In the financial community, I am sure many will be sitting with smug smiles on their face. The Germans call it schadenfreude. I call it a sucker punch for those who don’t investigate the markets well and do not understand the risks involved in investment.

If you invested your life savings in a system you don’t understand, then it’s no wonder you have lost that money. Equally, why are you investing your life savings in something you don’t understand? Markets have risk. They go up and down. Only invest what you are prepared to lose. That’s something the financiers understand well.

No sign of stopping

Does this mean a flight to safety, the rise of central bank digital currencies (CBDCs) and the end of bitcoin? No. It is just another bump on the rocky road to creating decentralised finance (DeFi).

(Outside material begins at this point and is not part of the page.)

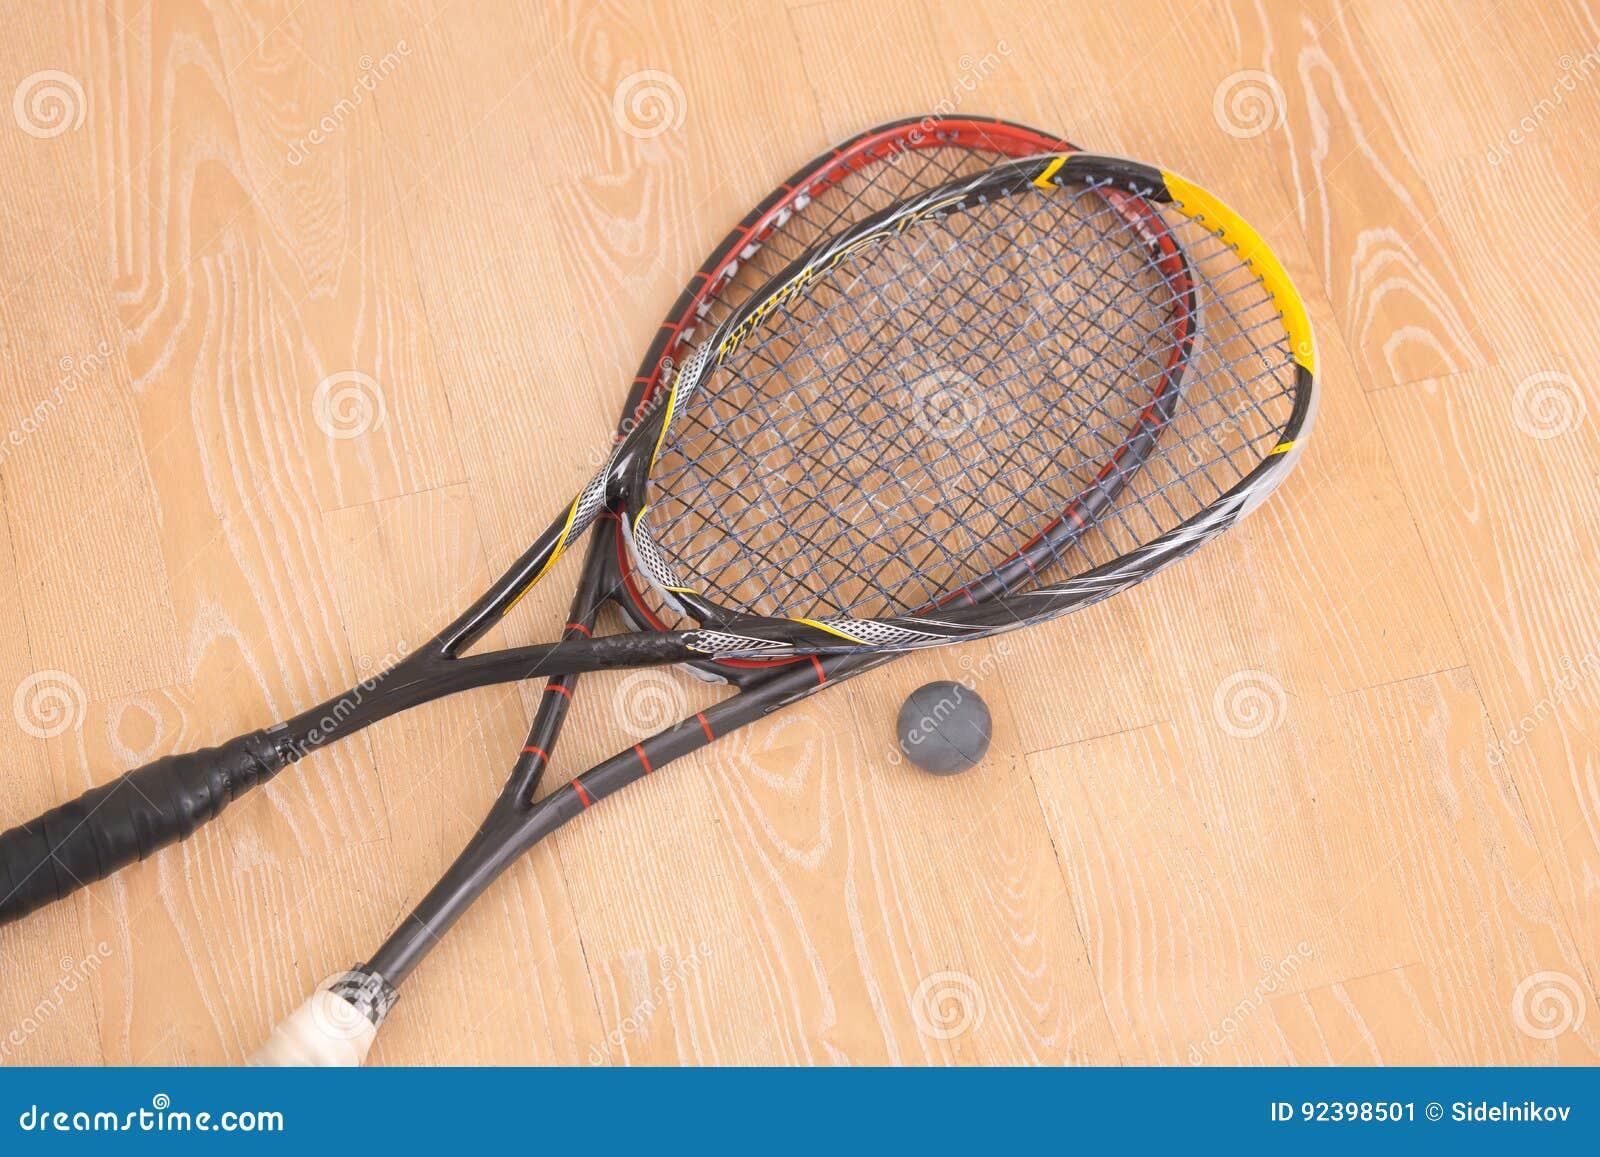 Ракетки и шарик equiment спорта на поле
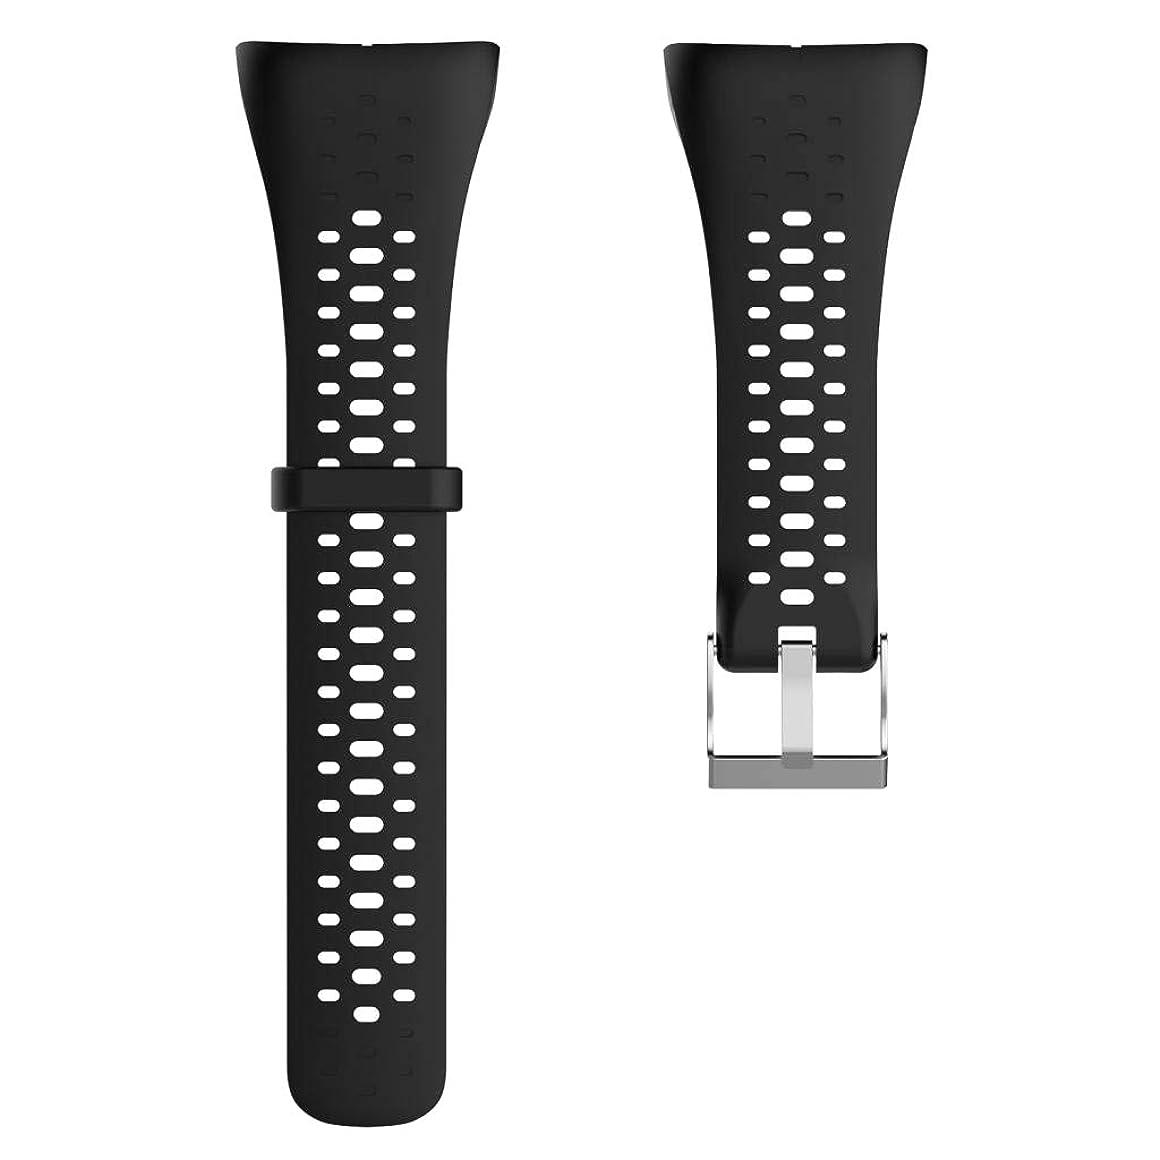 動力学歴史的監査perfk ストラップ リストバンド 交換用 シリコン Bono POLAR M400M430用 全6色 - 黒

Many have never experienced these bumps, but they occur often. The website 99bitcoins.com tracks the media predictions of bitcoin’s expected doom, and there have been many since 2010. And yet, the idea lives on. Why? Because there is a friction between national government-issued coins and networked coins.

It’s quite hard to send cash over the internet and, with the four-pillar model of cards or the percentage-plus costs of intermediaries, it makes absolute sense to try to move to a networked system that is fast and free. That’s what DeFi is trying to achieve.

So, the move to DeFi won’t end here. I’m very aware of the faults and virtues of both systems – fiat currencies and cryptocurrencies – and believe the endgame will be a hybrid model of central bank digital currencies, stablecoins and cryptocurrencies.

The issue with Terra was not the structural faults of these systems. It was the structural faults of Terra, and the fact that too many people believe these currencies are all about ‘HODLing’ (keeping cryptocurrencies as an investment), instead of what currencies are really about: allowing the exchange of value to buy and sell products and services.

That’s where the real fault lies, and it’s nothing to do with a Ponzi scheme. It’s all about creating currencies that work for value exchange in a networked world.